The Navy was really afraid of “functional” CINCs generally; they didn’t want the assignment of aircraft carriers to an Air Force “CINCAIR” to be the next item on the table. Wanting to squash the notion of functional CINCs, period, the Navy chose as its battleground the assignment of SEALs to SOCOM. But no one was seriously considering establishing a bunch of functional CINCs. The issue was special operations forces and only special operations forces. Congress wanted them to be supported better than the services had been supporting them.
I got caught right up in the fight. I strongly supported putting all SEALs under the new command, and I didn’t hide my opinion—not a very popular position with some of my admirals.

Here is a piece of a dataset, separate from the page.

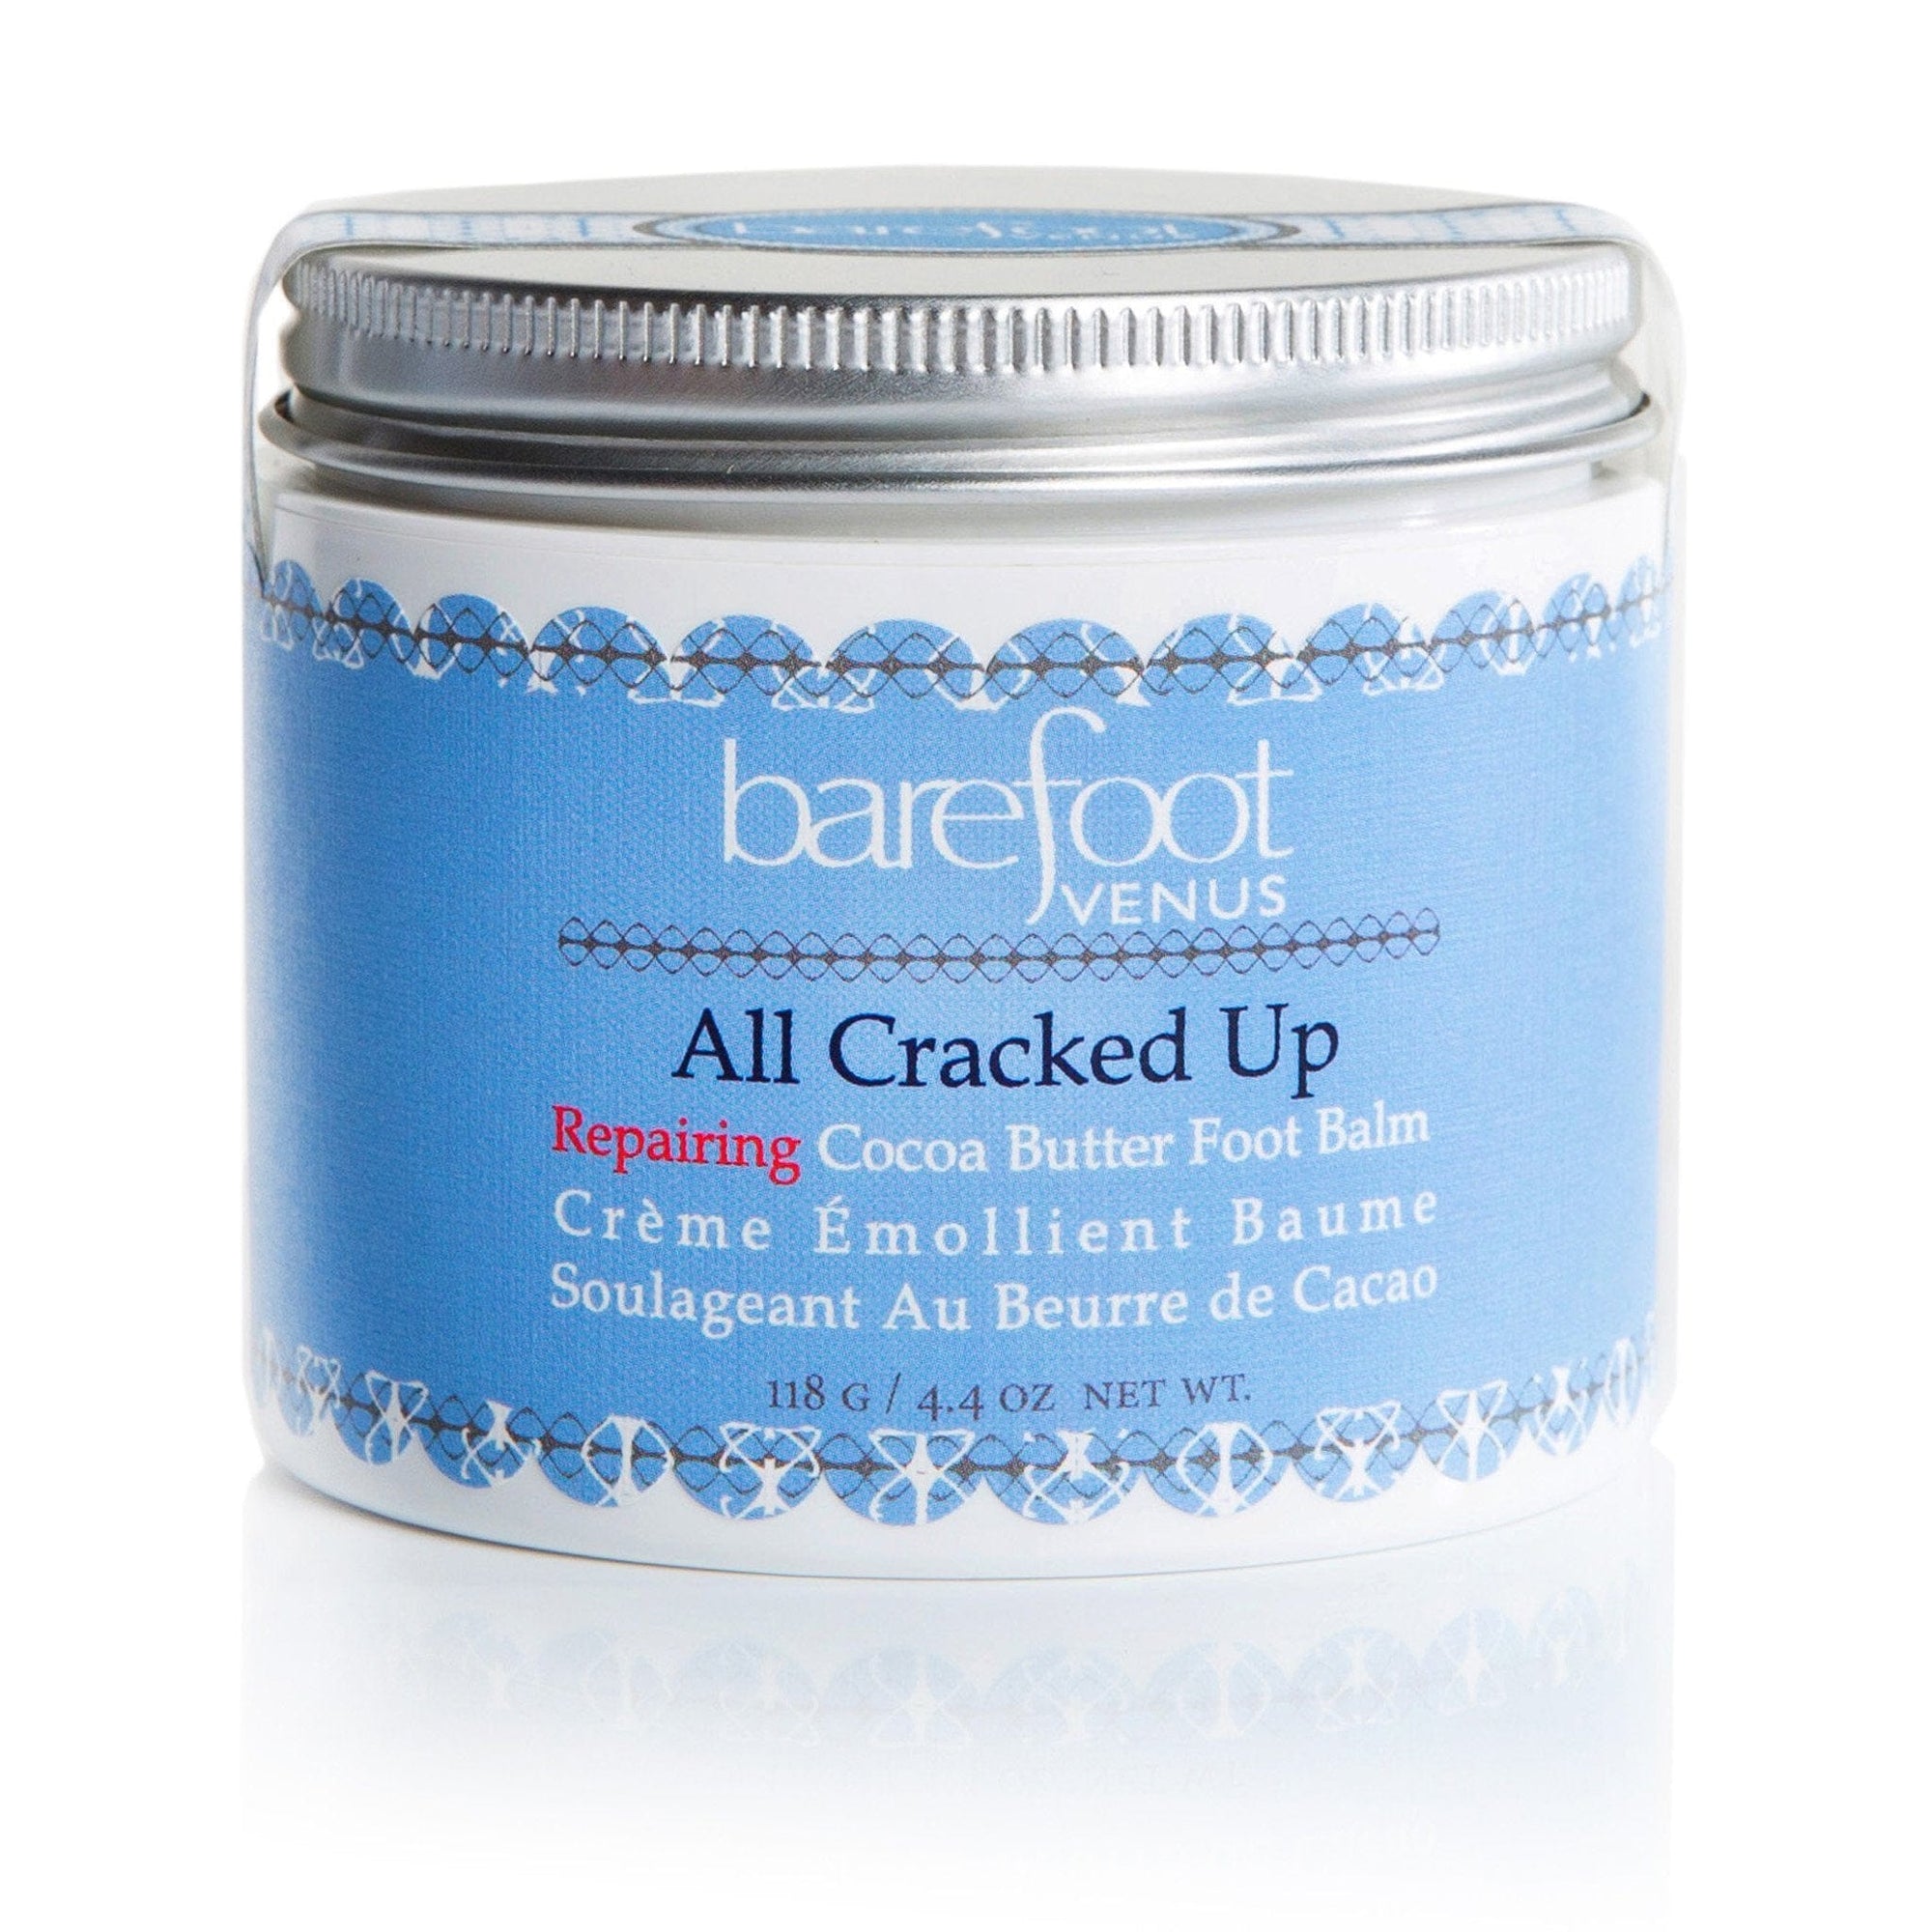 All Cracked Up Foot Balm REPAIRING COCOA BUTTER. Barefoot Venus

But I knew putting all special operations forces under one commander was the best thing to do: for the country, because it would provide cohesive organization to the forces and improve their operational readiness; for the military, because it would charge one commander with the responsibility for forces each of the military services found difficult to fit into their core missions; for SEALs, because they would have a commander who appreciated their special support requirements.